The disks, composed of giant clouds of gas and dust that surround infant stars, are around 1,000 light years away, about four times farther away than most disks seen previously. They also are by far the biggest yet observed – which suggests that planets, known to coalesce in such disks as they rotate, may exist at much greater distances from stars than any yet discovered. This observation could lead astronomers to expand the areas in which they search for new planets, a search that has so far been confined to stars' immediate vicinities.
"You might be able to look much farther out than people have been looking and find planets," said Richard Elston, a UF professor of astronomy who conducted the survey with his colleague and wife, UF astronomy Professor Elizabeth Lada.
Elston and Lada will present their findings during a news conference Monday at the American Astronomical Society meeting in Nashville, Tenn.
In a separate news conference, Lada will discuss her research showing that planets may come together and form in the disks in far less time than currently believed. Her findings suggest planets may form in the first 3 million years of a star's life, much earlier than the 10-12 million years thought previously. Although 3 million years may seem like a long time, it is actually brief for stars, which can live tens of billions of years. "If you think of our Sun as a middle-age star and that middle-age people are about 36, it would seem planet formation occurs within 1 week of stellar birth," Lada said.

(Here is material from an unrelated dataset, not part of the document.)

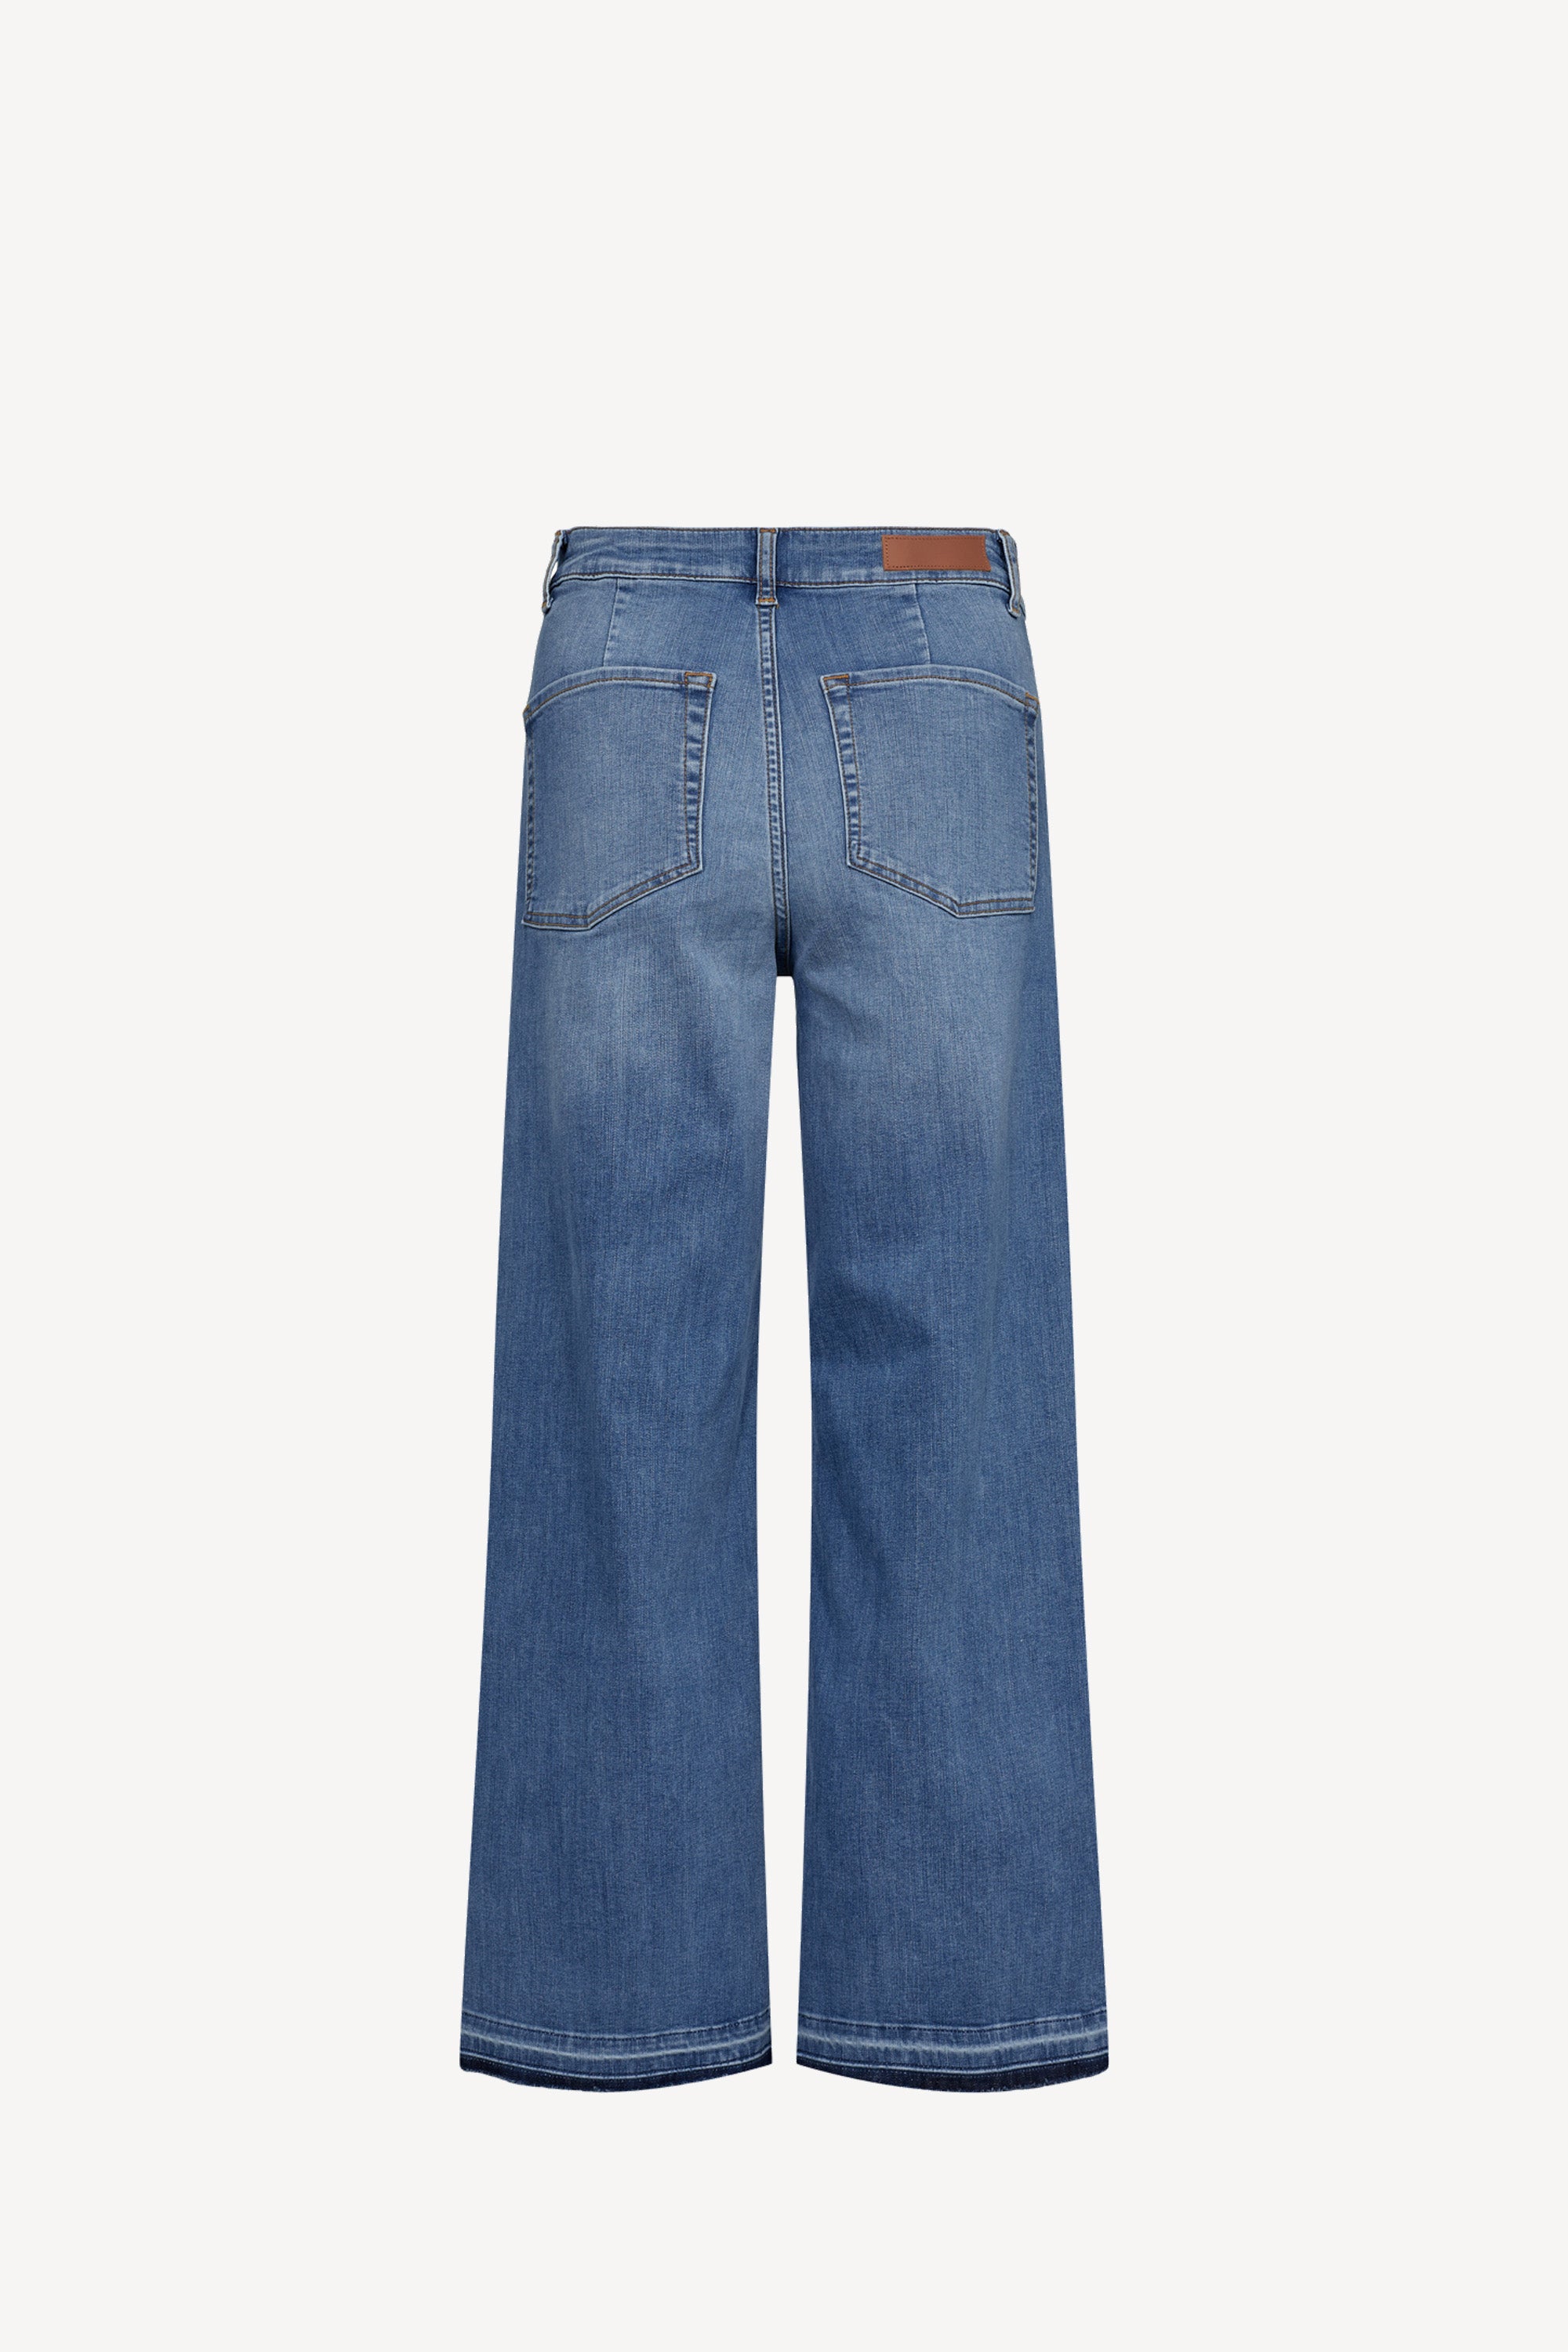 Paris Jeans Trend Crop Mid Blue
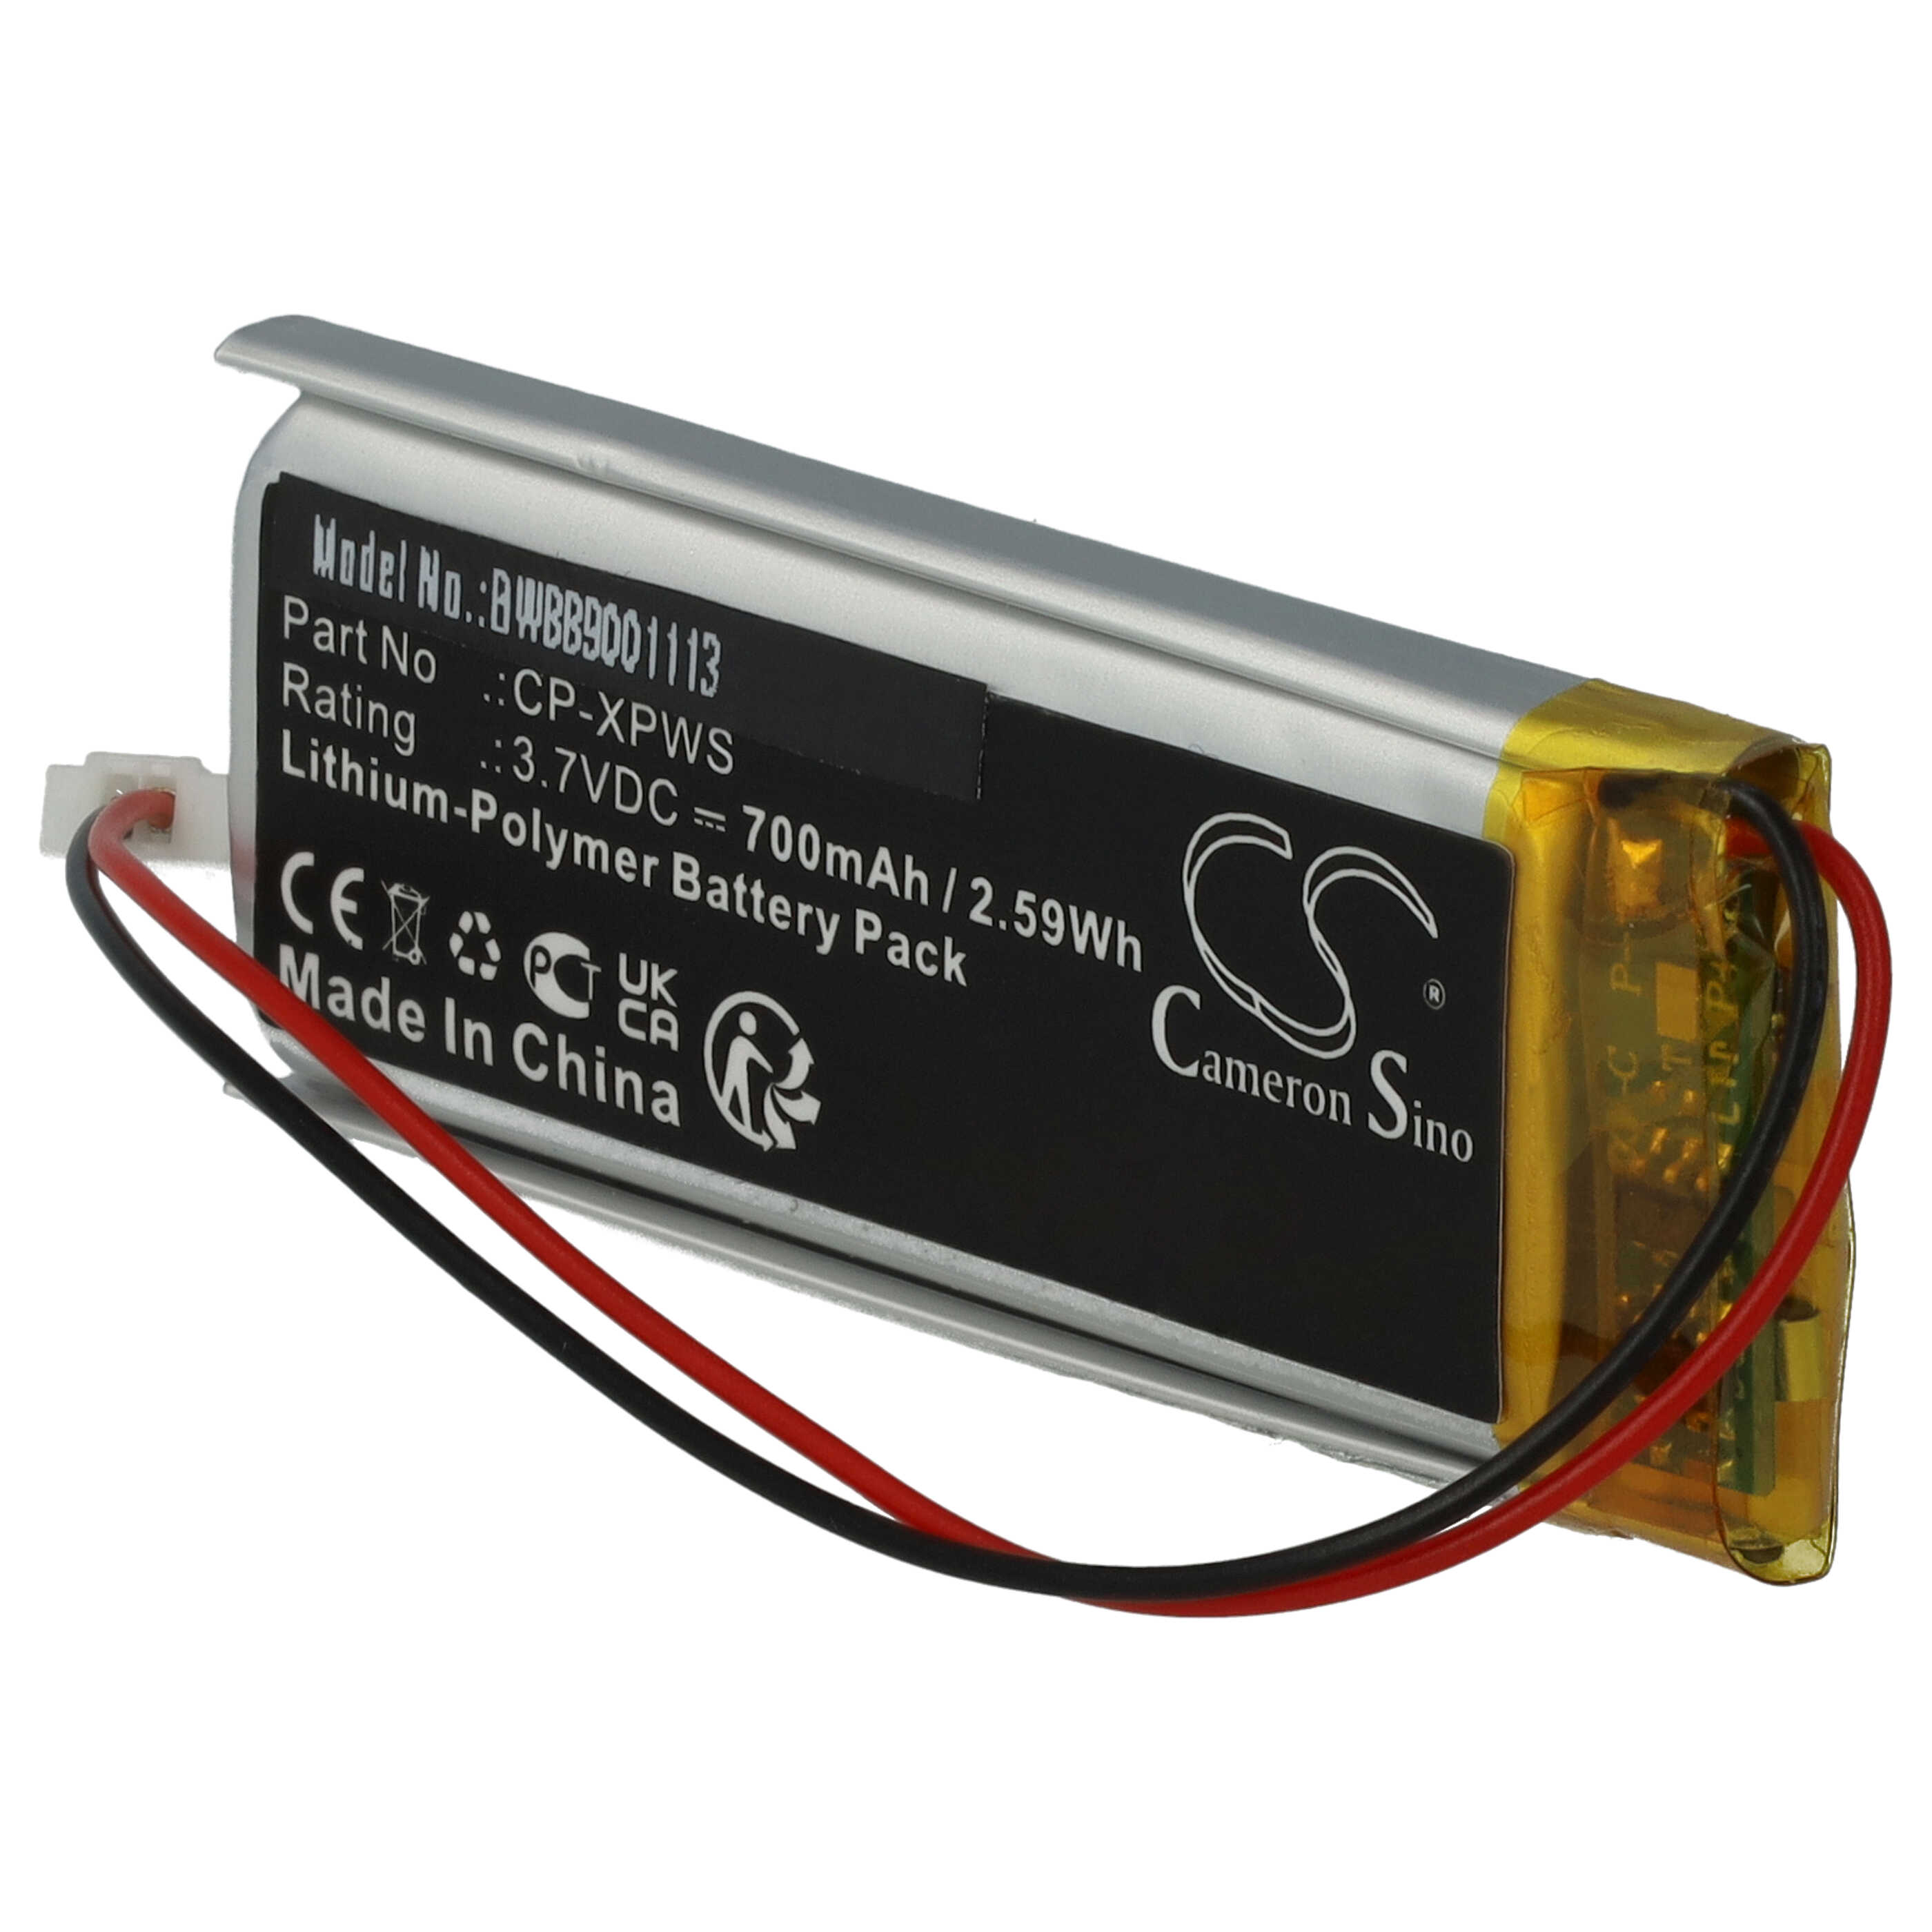 Batterie remplace XP Deus CP-XPWS pour détecteur de métaux - 700mAh 3,7V Li-polymère

As a cloud of molecular gas collapses under the pull of gravity to form a star, it rotates and the dust, gas and debris gradually gel in the shape of a two-dimensional disk. The material in these disks both feeds into the forming star and steadily coagulates into bigger and bigger chunks, which eventually form planets. The remnants of this process are visible in our own solar system, where all the planets line up, more or less, along the same two-dimensional plane.
Elston and Lada found seven such disks as part of a major survey for newborn celestial objects in "giant molecular clouds" in the constellations Orion and Perseus. These clouds, which contain the raw material for stars and planets, are the largest features of our galaxy, stretching hundreds of light years across. The clouds in this study are located approximately 1,000 light years away.
The astronomers worked at the National Science Foundation's 2-meter, or 88-inch, telescope at the Kitt Peak National Observatory in Arizona, using a UF-developed near-infrared spectrometer and imager. The Florida Multi-object Imaging Grism Spectrometer, or FLAMINGOS, can image tens of thousands of stars in a cloud in the near-infrared each night – many more than could have been examined without the instrument. Such observations must be made in the near-infrared because visible light from young stars is nearly completely absorbed by dust in the molecular clouds, rendering the forming stars invisible to the human eye.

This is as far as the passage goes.